### [Your task]
Your answer must be an exact copy of the listing that follows, with all pictures omitted.
++++ Supplied data
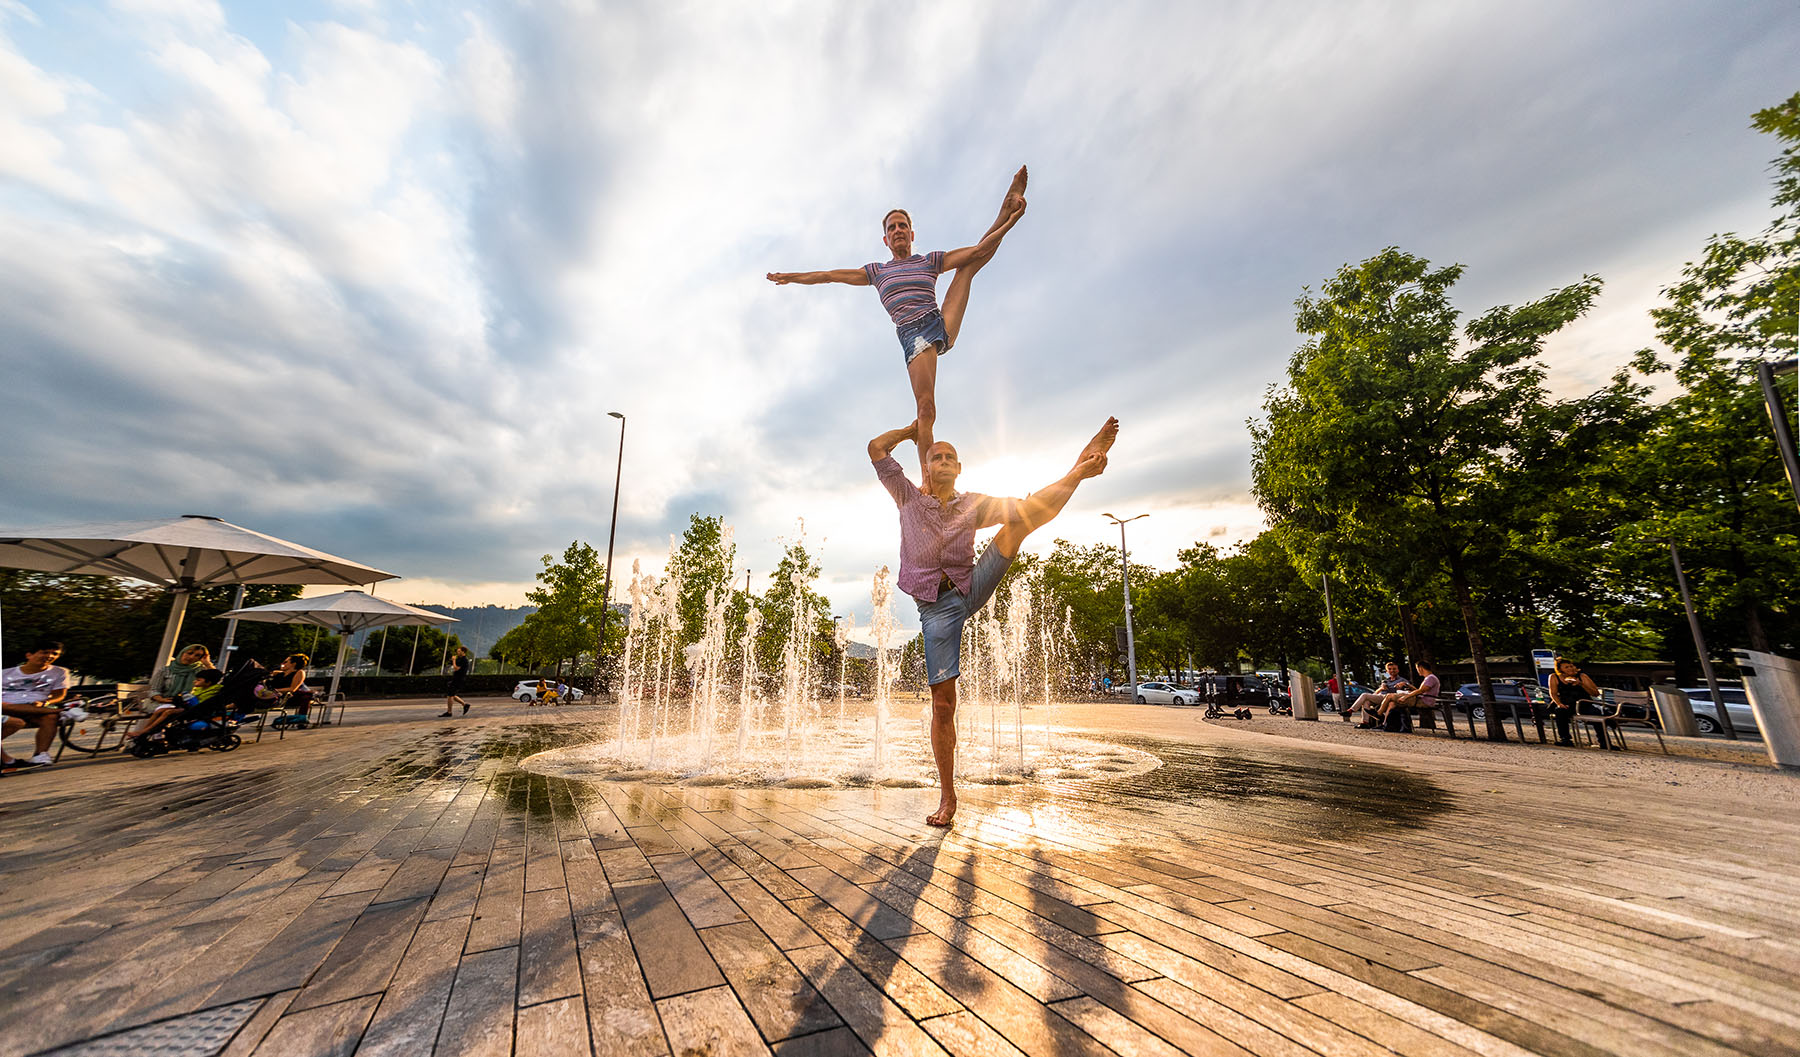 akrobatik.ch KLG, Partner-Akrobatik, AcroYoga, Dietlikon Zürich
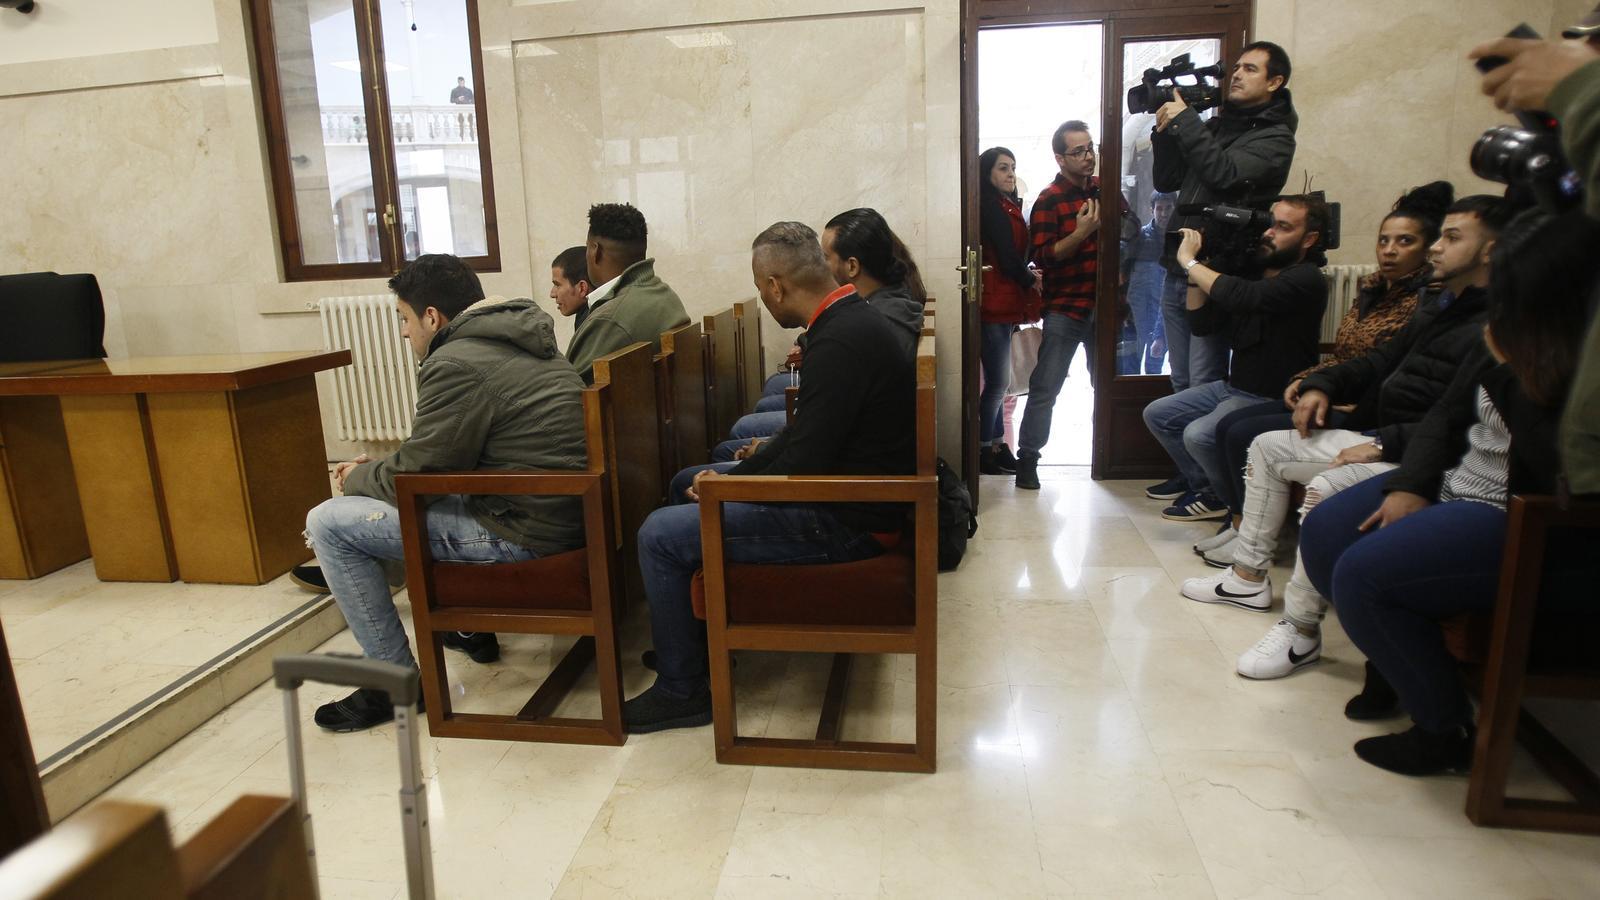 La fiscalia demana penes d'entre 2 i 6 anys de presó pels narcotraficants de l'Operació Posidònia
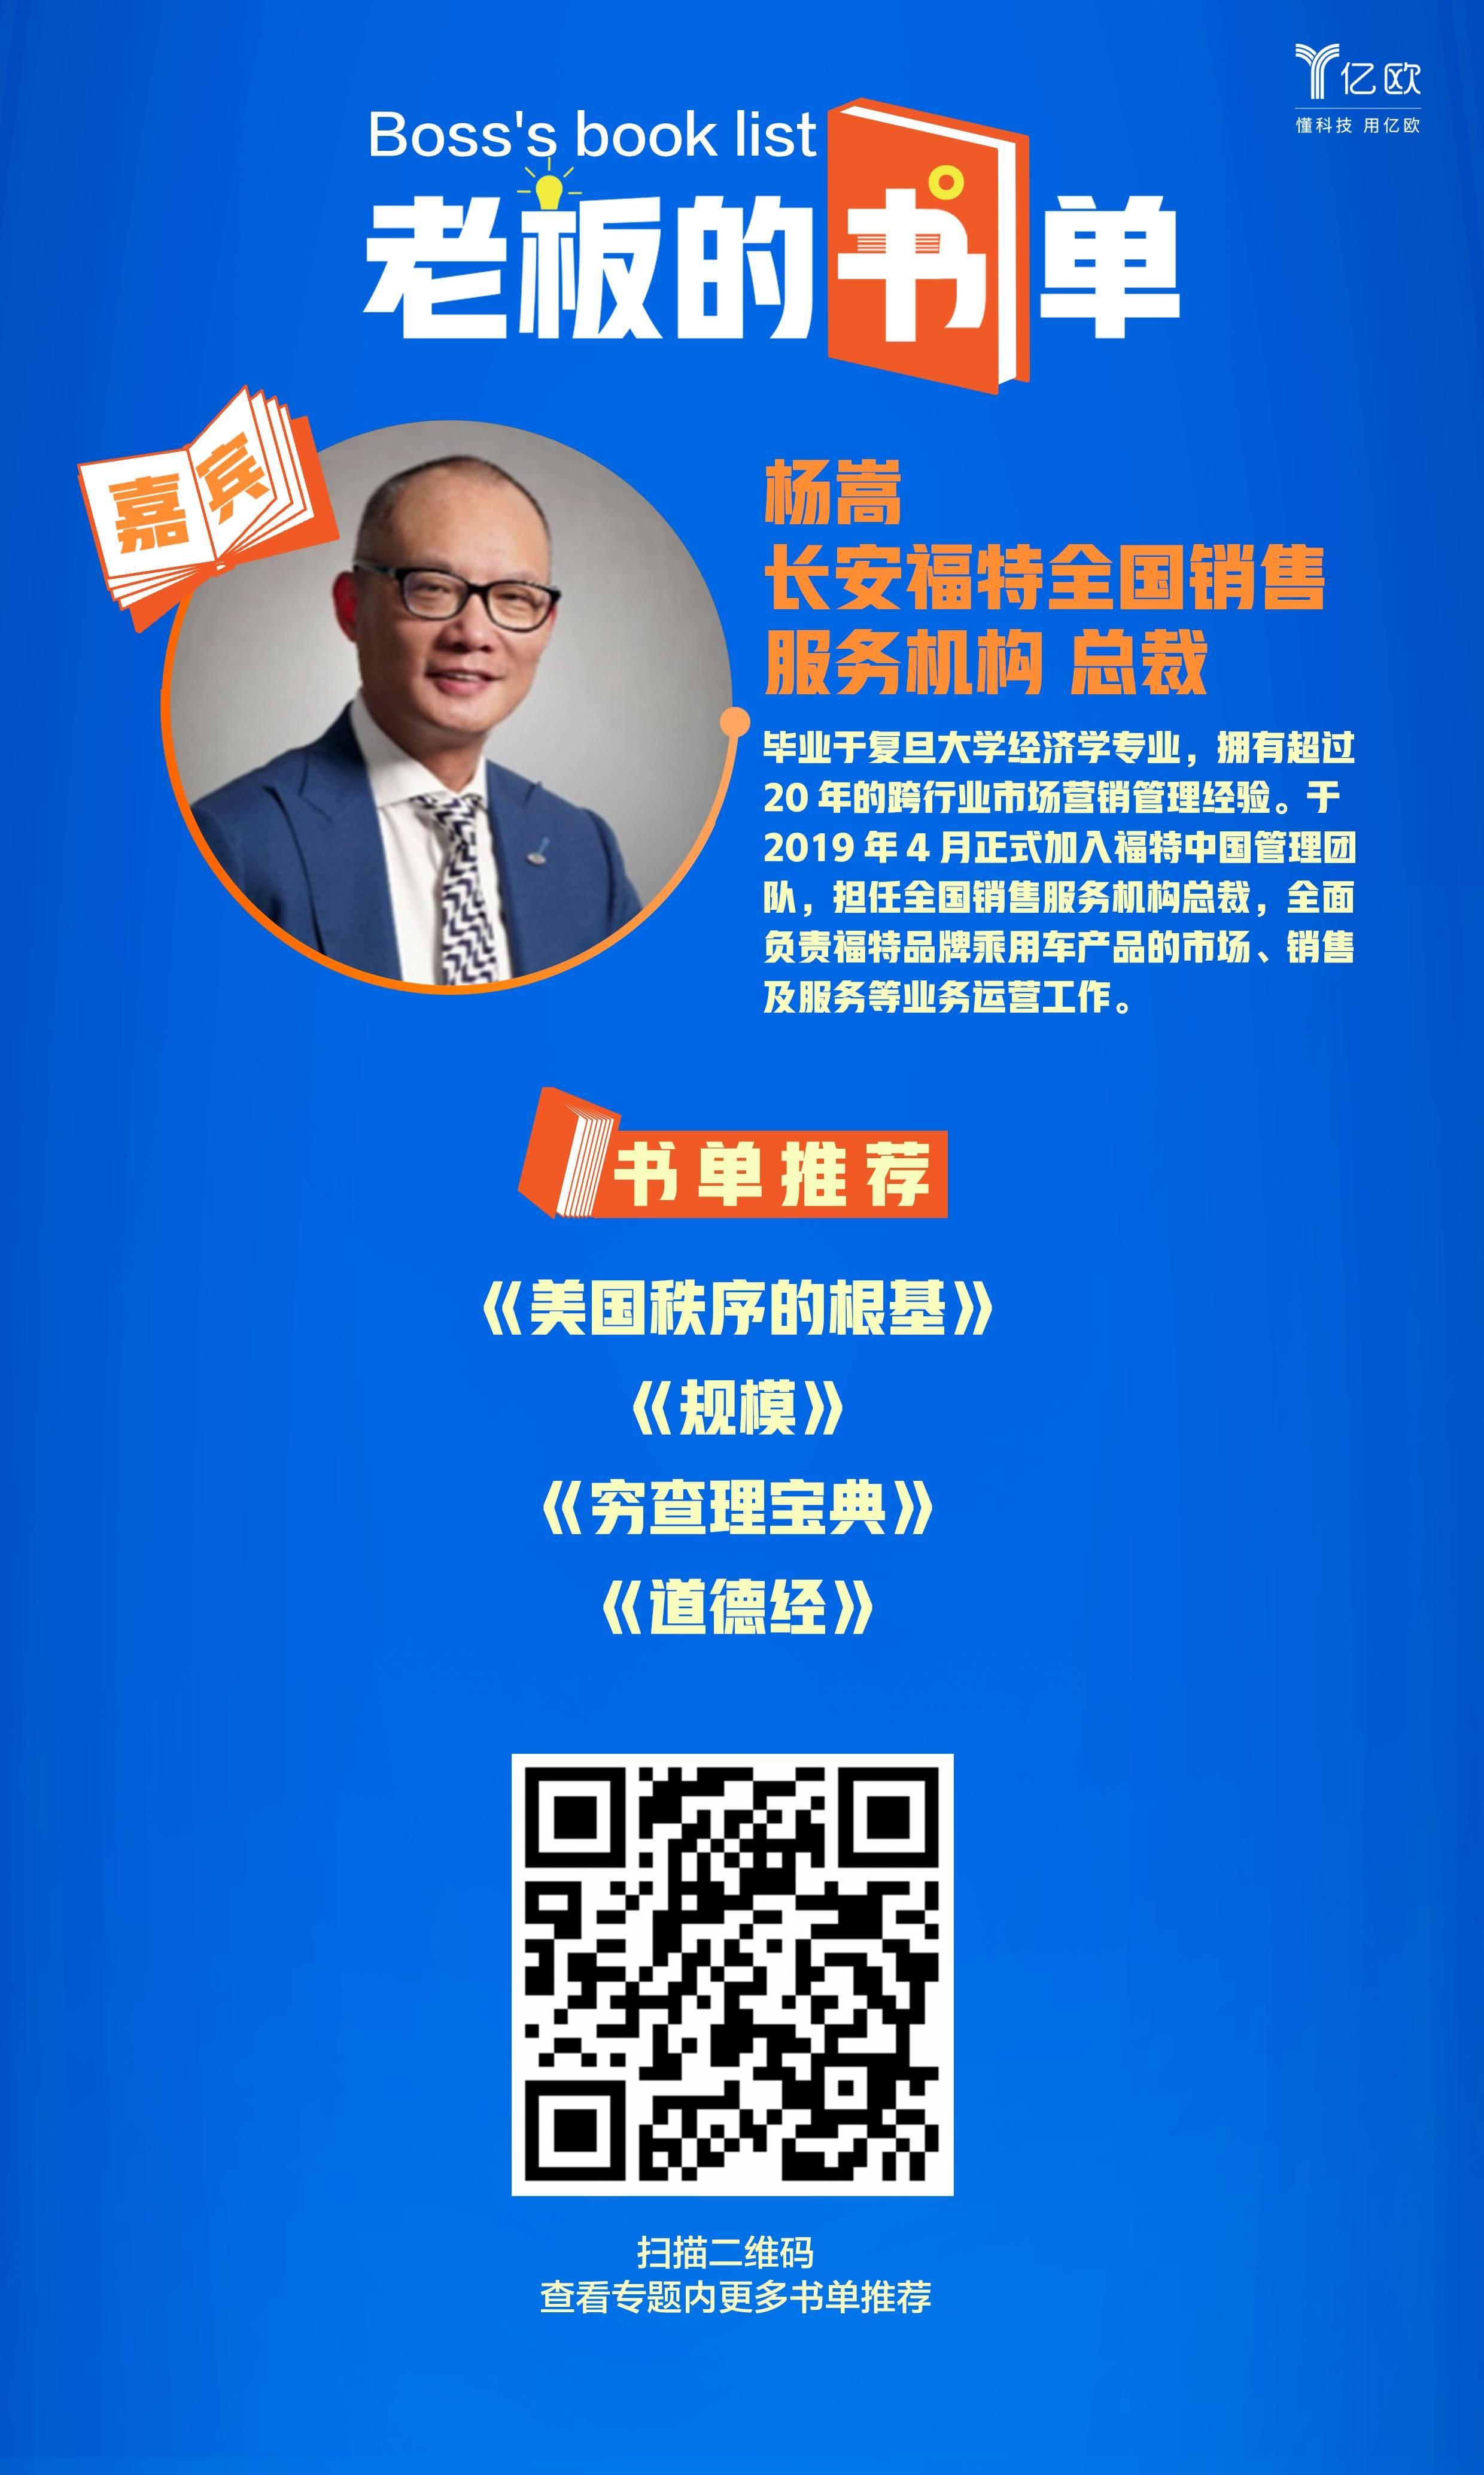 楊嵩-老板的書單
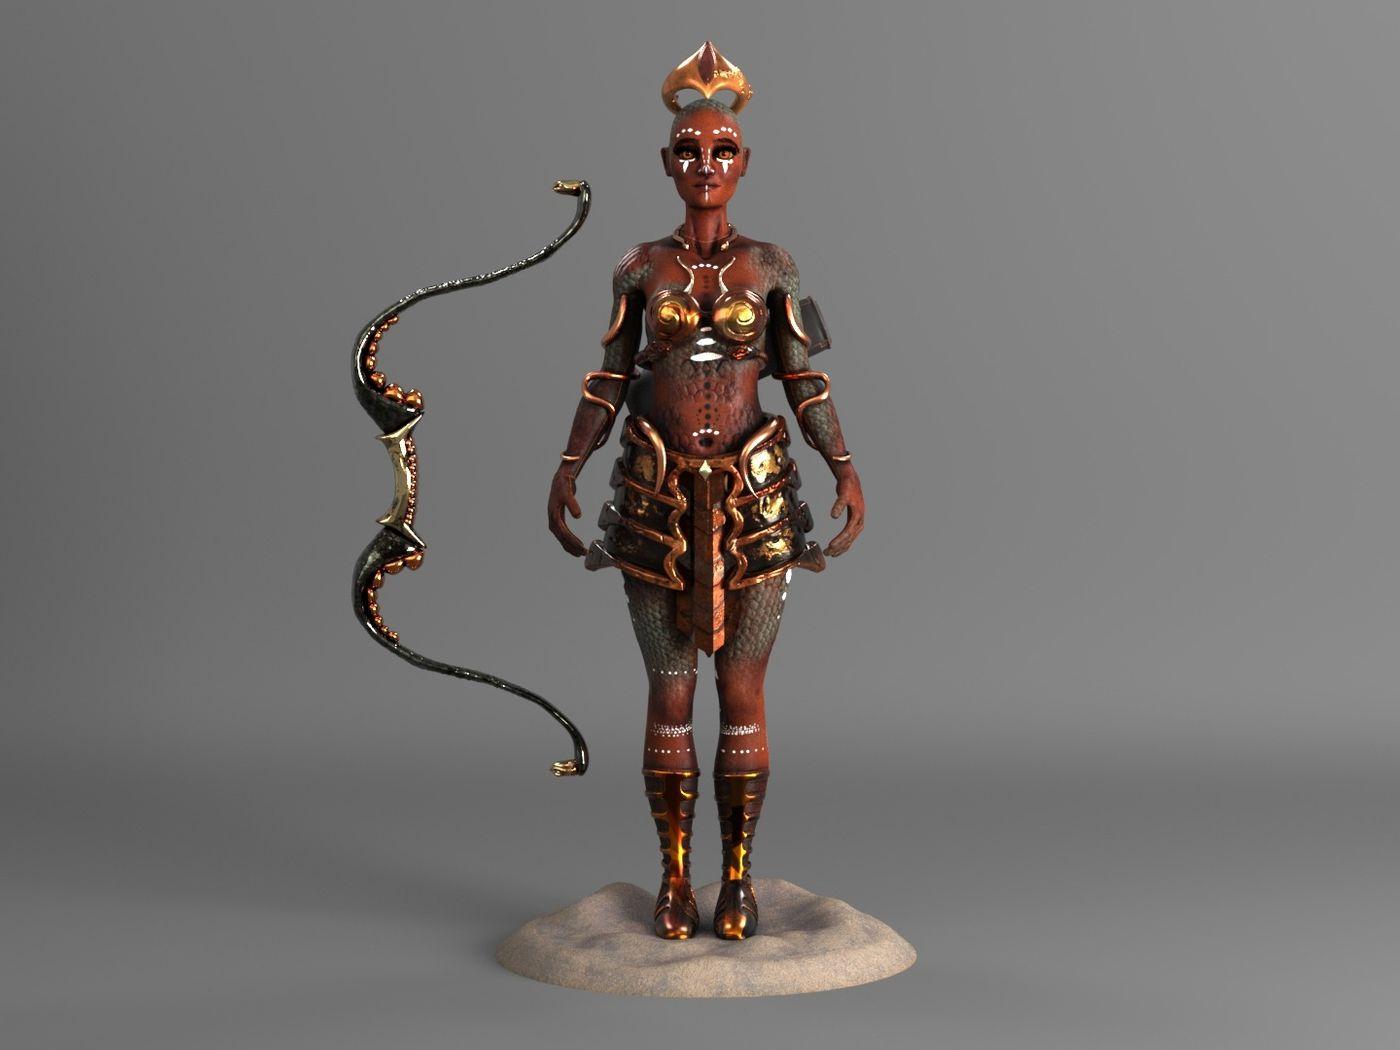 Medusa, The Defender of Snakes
++++++++
### [Answer to this task]
 akrobatik.ch KLG, Partner-Akrobatik, AcroYoga, Dietlikon Zürich
 La fiscalia demana penes d'entre 2 i 6 anys de presó pels narcotraficants de l'Operació Posidònia
 楊嵩-老板的書單
 Medusa, The Defender of Snakes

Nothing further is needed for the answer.